The script above will begin a video inference job on the Roboflow cloud. The poll_until_video_results operate will ballot the Roboflow API each 60 seconds to test for outcomes. When outcomes can be found, the outcomes are saved to a file.

The file incorporates:

  1. The frames on which inference was run, in `frame_offset`.
  2. The timestamps that correspond with the frames on which inference was run.
  3. The CLIP vectors from inference.

Step #3: Examine Moderation Labels with CLIP Vectors

The Roboflow Video Inference API returns uncooked CLIP vectors. It’s because there are numerous completely different duties you’ll be able to accomplish with CLIP vectors. For this information, we are going to give attention to utilizing CLIP to determine if a video incorporates a violent scene.

Create a brand new Python file and add the next code:

import json import torch
import clip
from PIL import Picture
from sklearn.metrics.pairwise import cosine_similarity import numpy as np with open("outcomes.json", "r") as f: outcomes = json.load(f) frames = [] system = "cuda" if torch.cuda.is_available() else "cpu"
mannequin, preprocess = clip.load("ViT-B/16", system=system) prompts = ["violence", "something else"] textual content = clip.tokenize(prompts).to(system) with torch.no_grad(): text_features = mannequin.encode_text(textual content) prompts_to_features = listing(zip(prompts, text_features)) buffer = [] for lead to outcomes["clip"]: results_for_frame = {} for immediate, embedding in prompts_to_features: results_for_frame[prompt] = cosine_similarity( embedding.cpu().numpy().reshape(1, -1), np.array(consequence).reshape(1, -1) )[0][0] buffer.append(max(results_for_frame, key=results_for_frame.get)) # if 5 detections in a row are True, then we've got a match match = False for i in vary(len(buffer) - 5): if buffer[i : i + 5] == ["violence"] * 5: match = True break print("Match for 'violence':", match)

On this code, we compute CLIP vectors for our two prompts: “violence” and “one thing else”. We then calculate how comparable every body CLIP vector is to the prompts.

If the CLIP vector related to the immediate “violence” is extra just like the vector for “one thing else” for five of the final 20 vectors on a rolling foundation, we are going to cease iterating over the video and report that the video incorporates violence. Our code is applied this fashion to make sure that one or two false positives don’t stop a scene from being categorized as violent.

Right here is the consequence from our script:

Match for 'violence': True

Our video – a film trailer – incorporates violent scenes. Our script has efficiently recognized that the video incorporates violent scenes.

With the code above, you may make determinations based mostly on your online business logic. For instance, chances are you’ll decide that video that comprise violence (i.e. that depict a violent film) have to go to a human reviewer for additional evaluation.
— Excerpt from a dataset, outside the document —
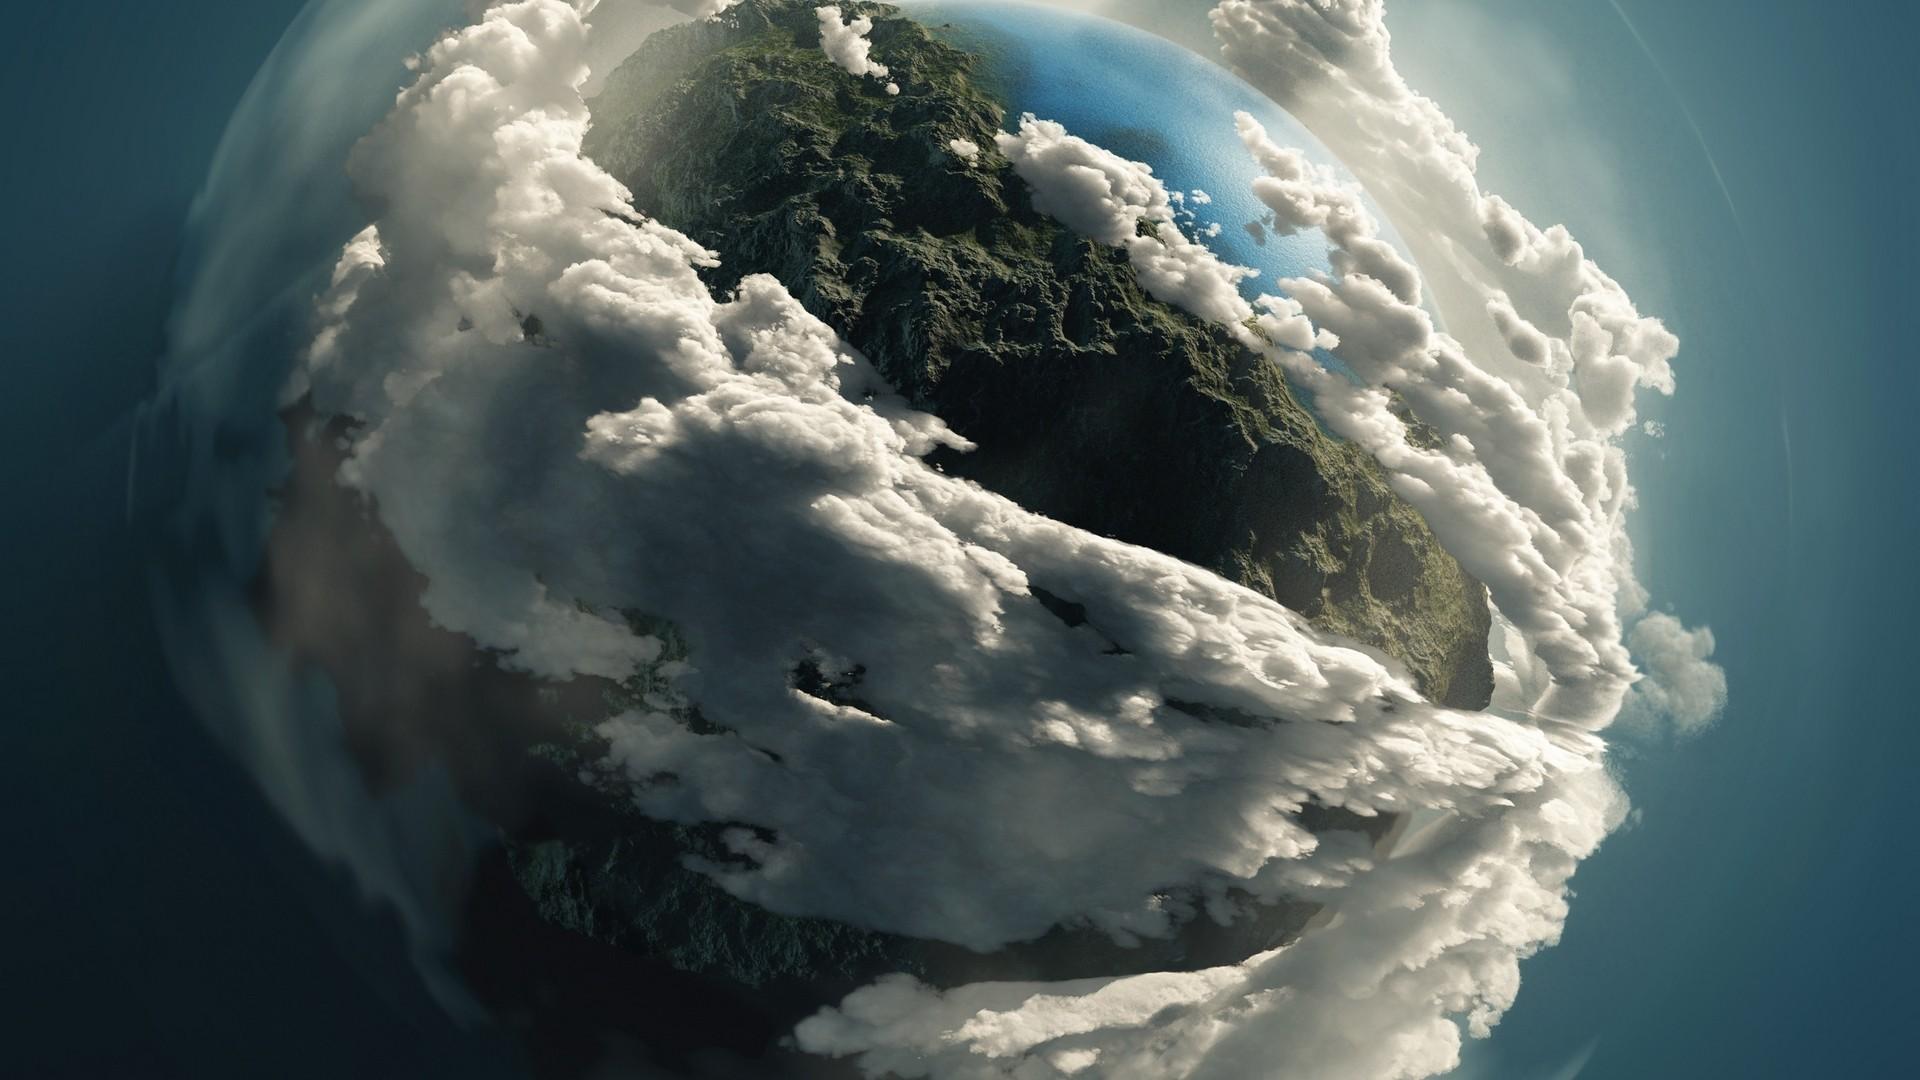 облака вокруг земли картинки жить

Or if you’re working a group, chances are you’ll reject content material that incorporates violent scenes.

Conclusion

You should utilize CLIP with the Roboflow Video Inference API to determine if a video incorporates any scenes that aren’t applicable. For instance, you’ll be able to determine scenes that comprise violence, express scenes, or different varieties of content material.

On this information, we walked by the best way to run CLIP on frames in a video with the video inference API. We then wrote code that allows you to examine moderation labels to the CLIP vectors related to video frames. This code means that you can classify if a video incorporates content material that you simply need to reasonable.

Leave a Reply

Your email address will not be published. Required fields are marked *

This site uses Akismet to reduce spam. Learn how your comment data is processed.